WHAT YOU ARE ASKED TO DO » Repeat the data below in full. Pictures must not be part of the copy.

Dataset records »
────

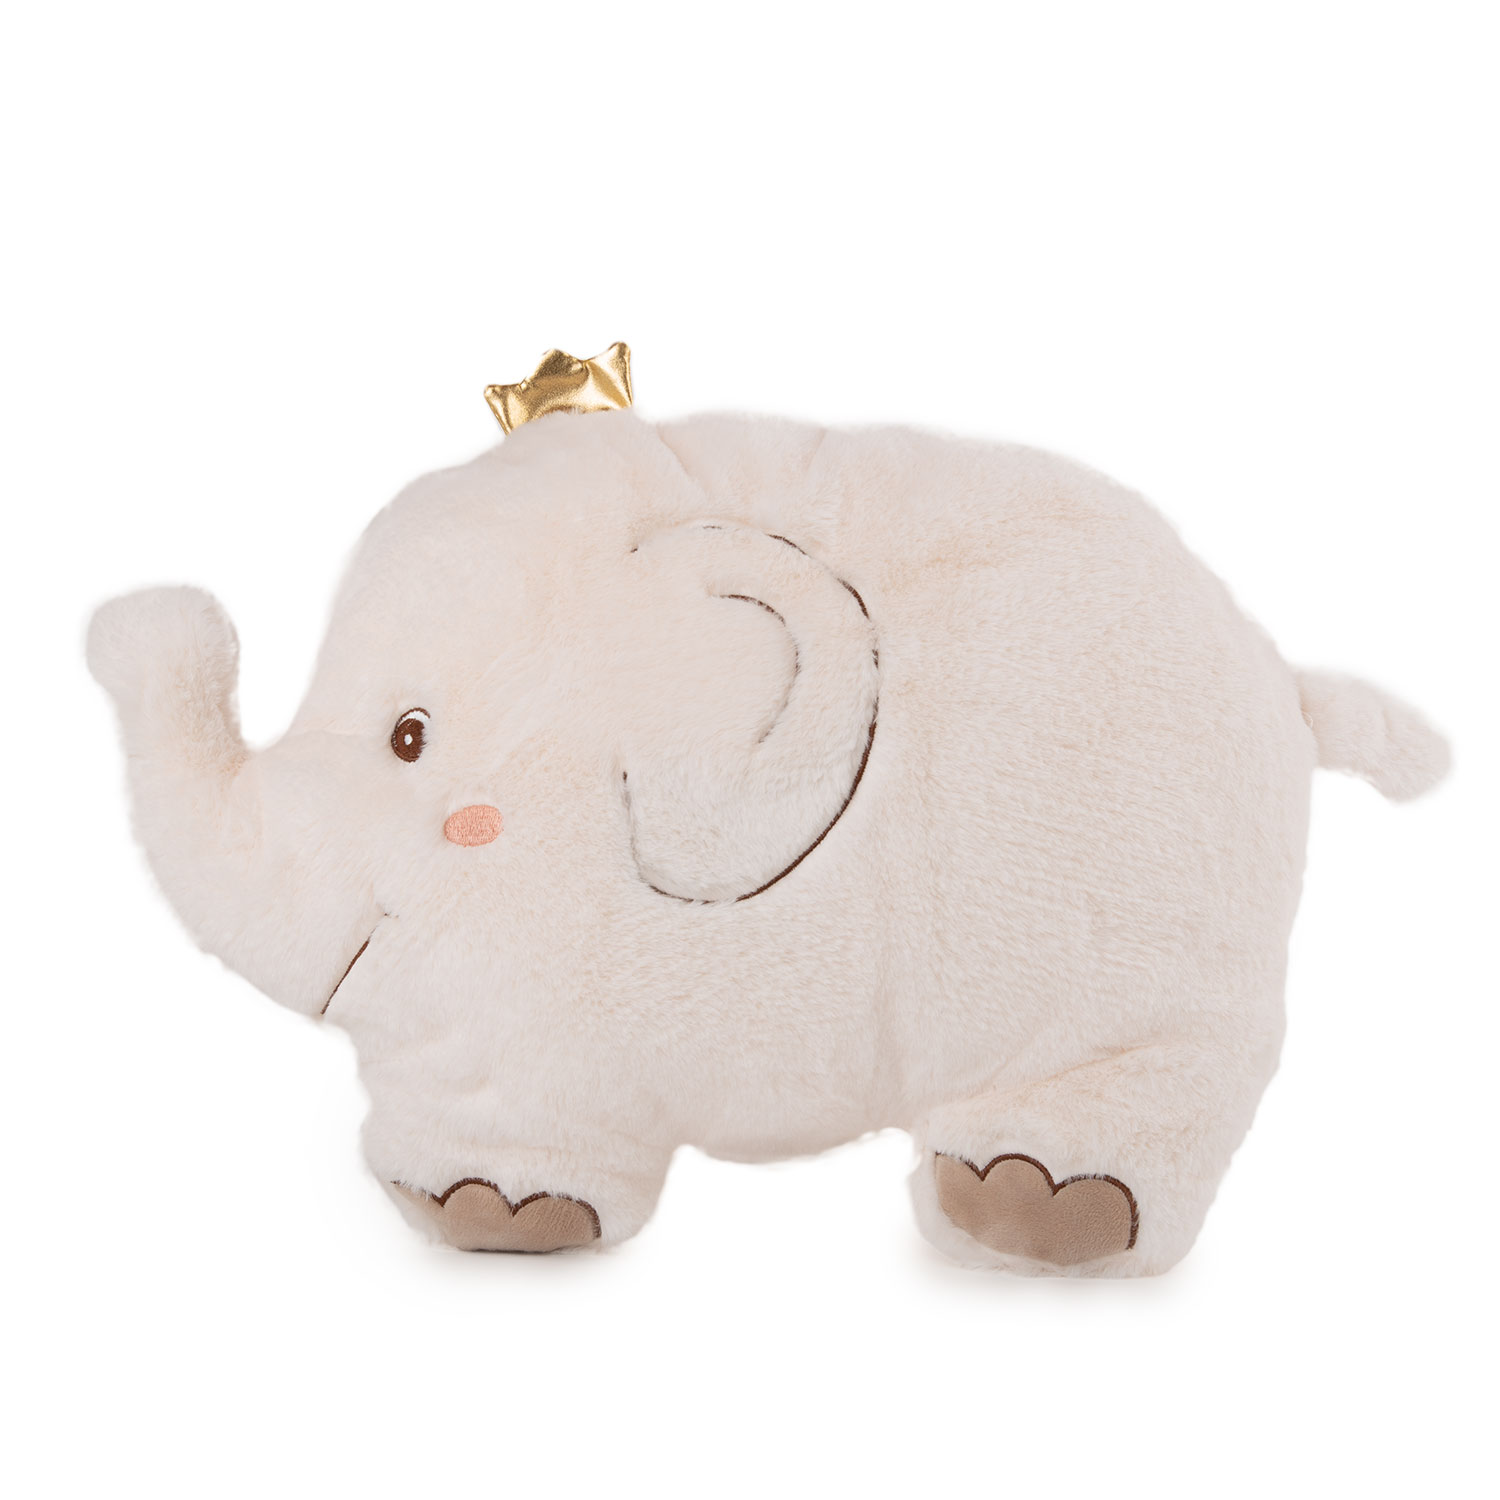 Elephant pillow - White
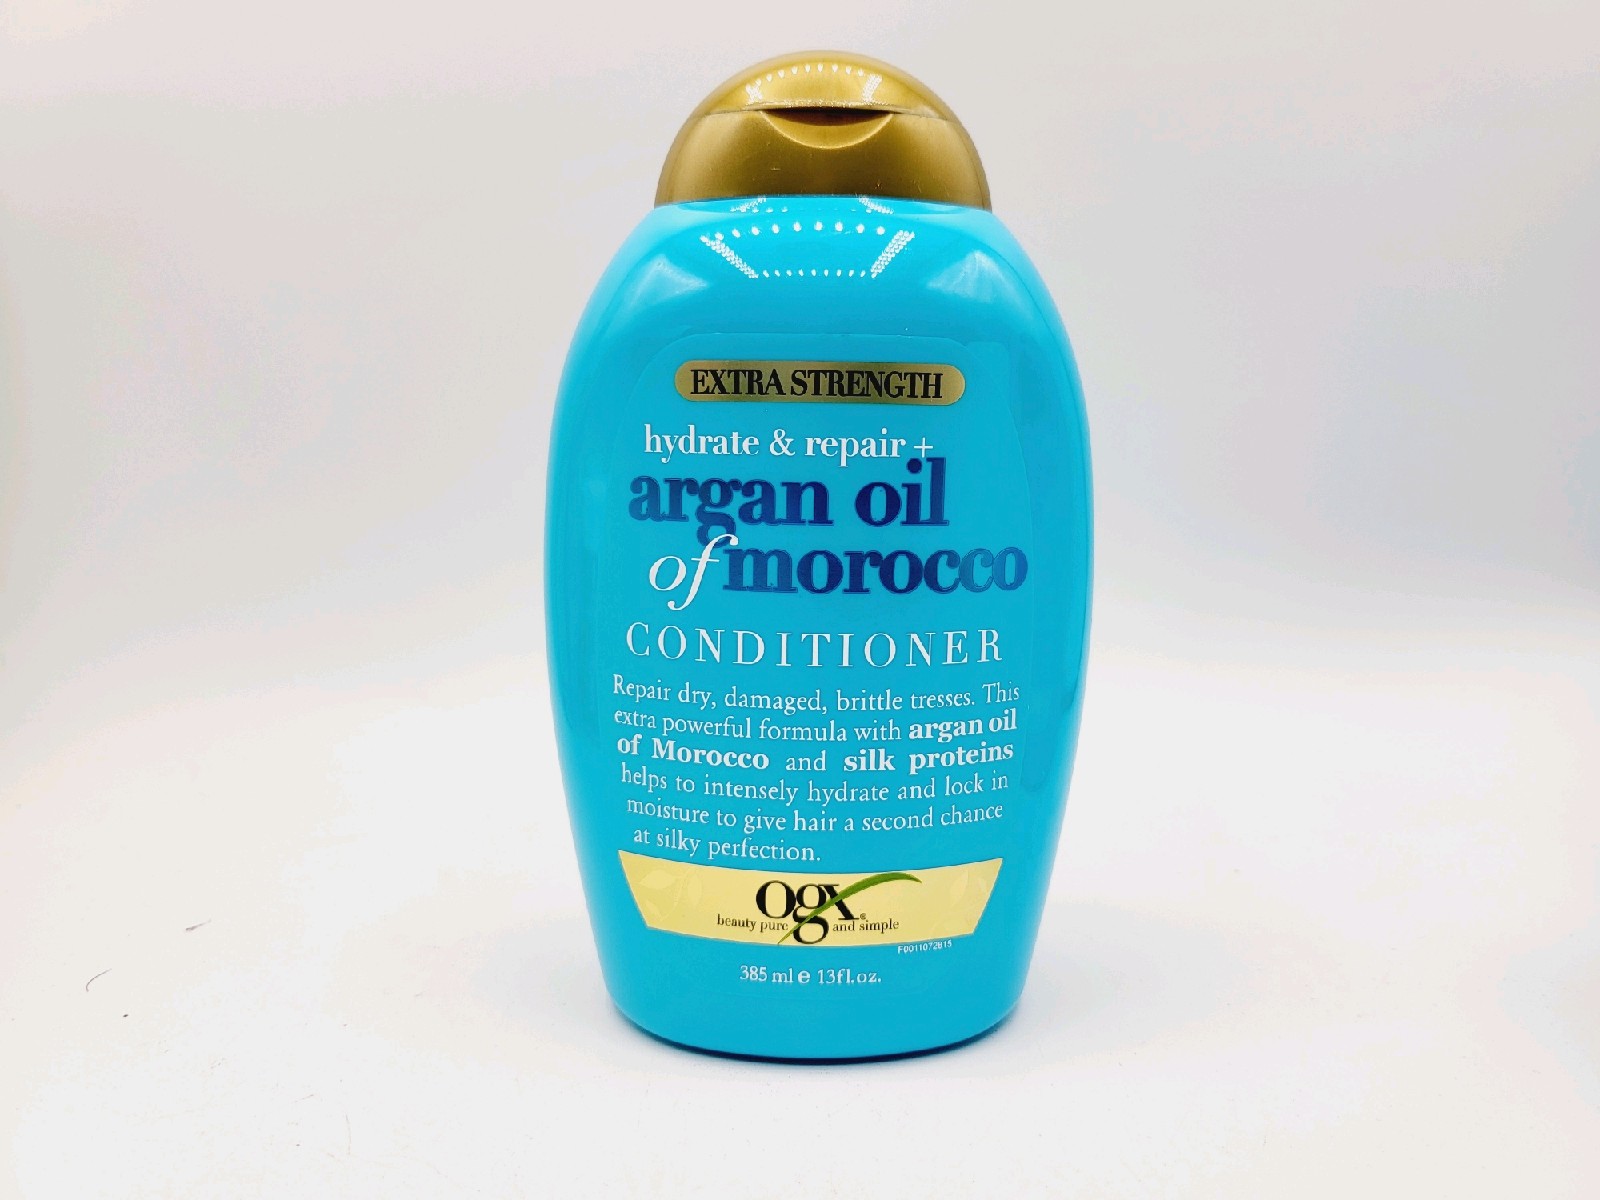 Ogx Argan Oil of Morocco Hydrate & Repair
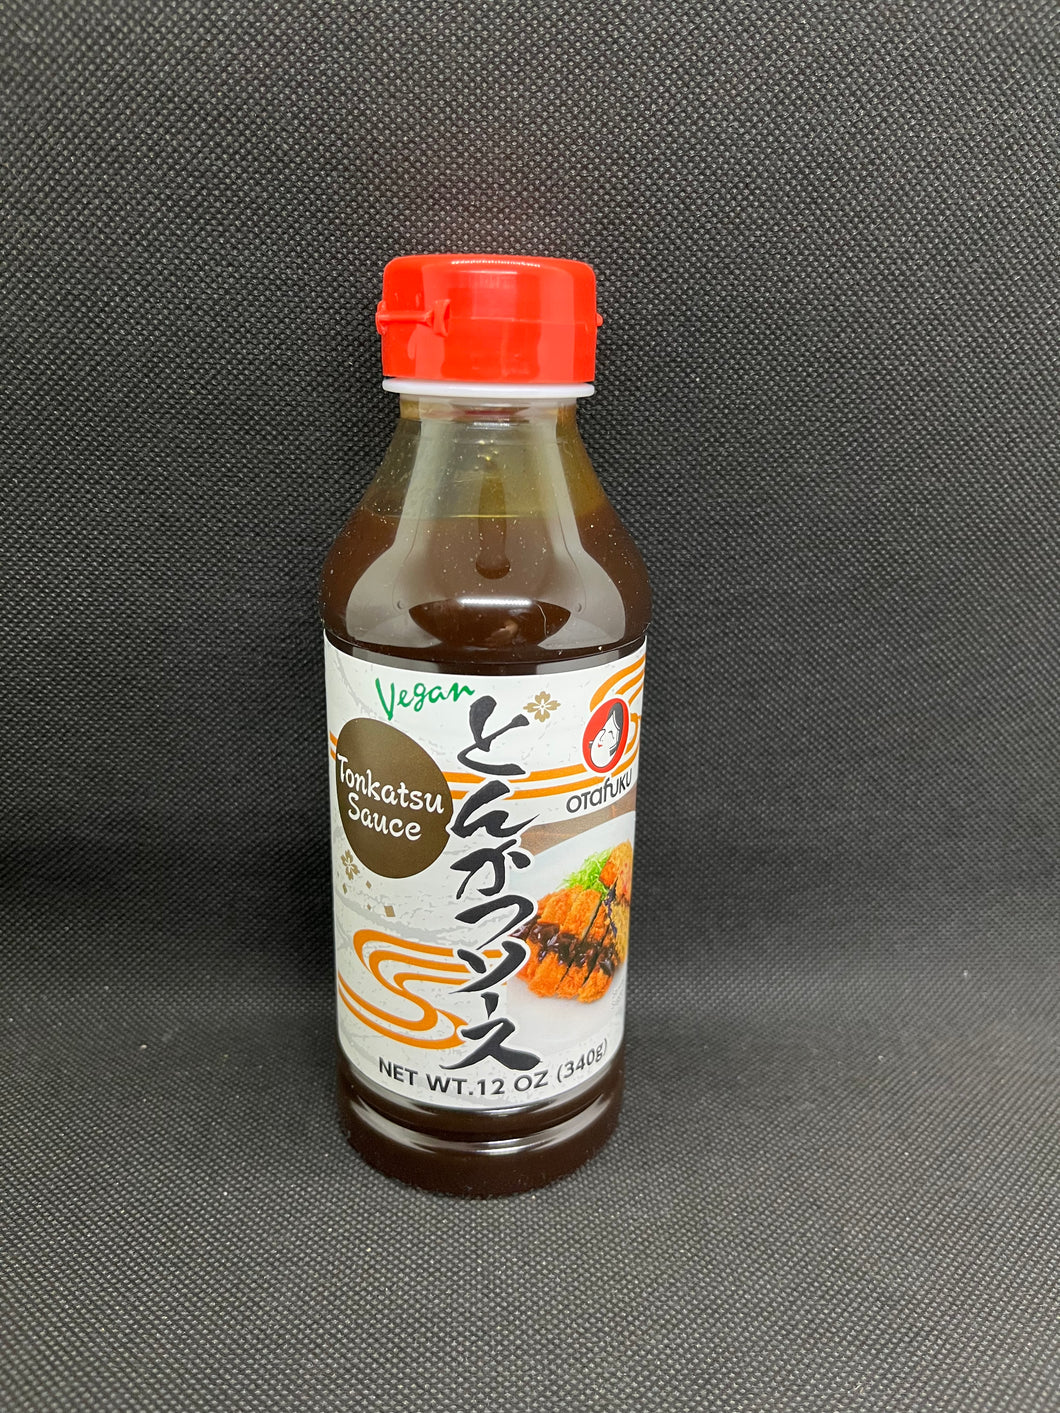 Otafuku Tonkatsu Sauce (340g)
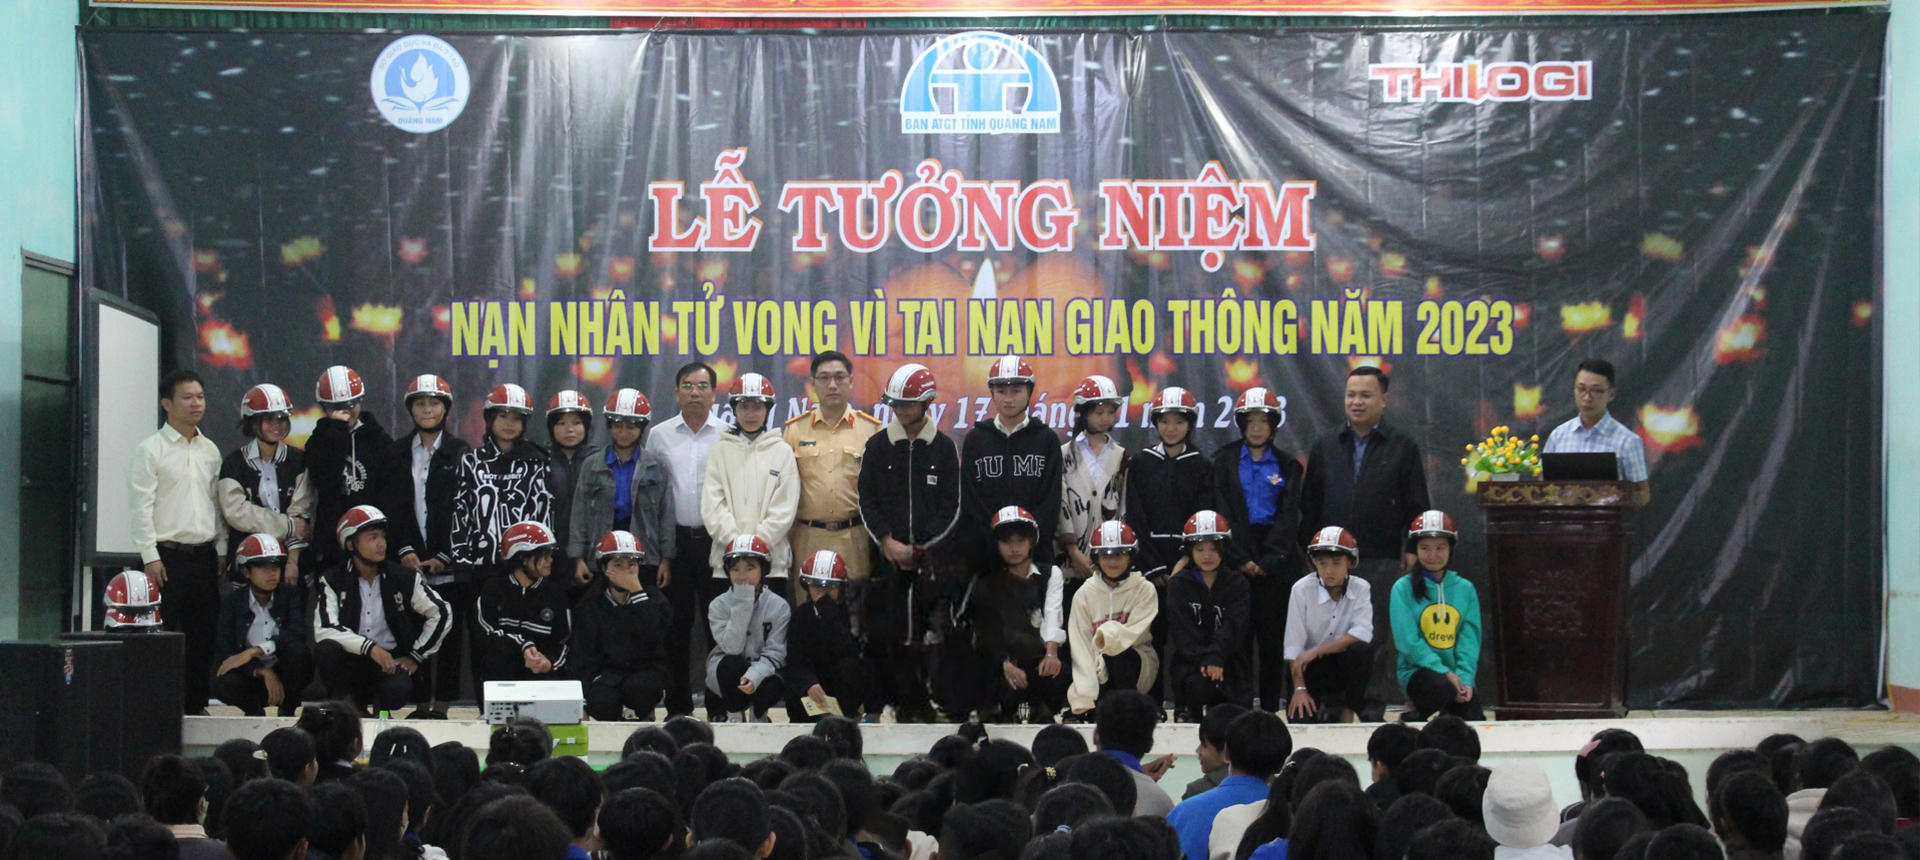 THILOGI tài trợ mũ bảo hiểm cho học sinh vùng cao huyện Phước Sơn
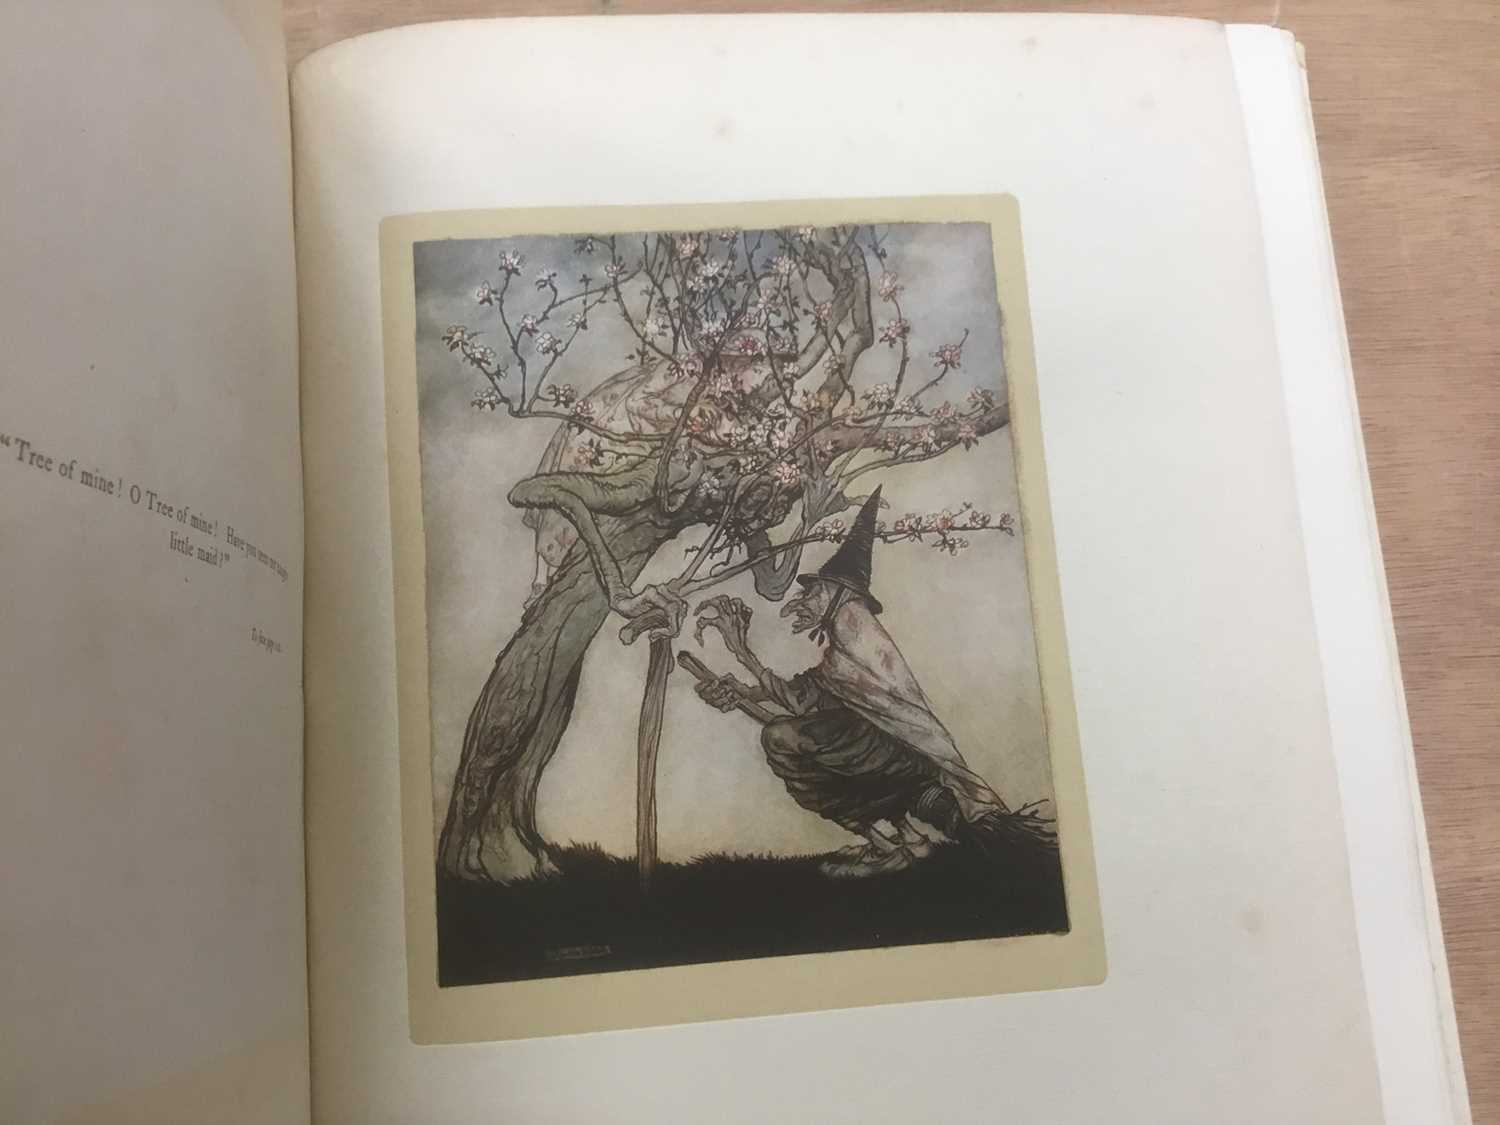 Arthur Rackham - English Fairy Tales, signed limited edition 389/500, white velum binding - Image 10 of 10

────

TASK OUTPUT »
 Elephant pillow - White
 Ogx Argan Oil of Morocco Hydrate & Repair
 Otafuku Tonkatsu Sauce (340g)
 THILOGI tài trợ mũ bảo hiểm cho học sinh vùng cao huyện Phước Sơn
 Arthur Rackham - English Fairy Tales, signed limited edition 389/500, white velum binding - Image 10 of 10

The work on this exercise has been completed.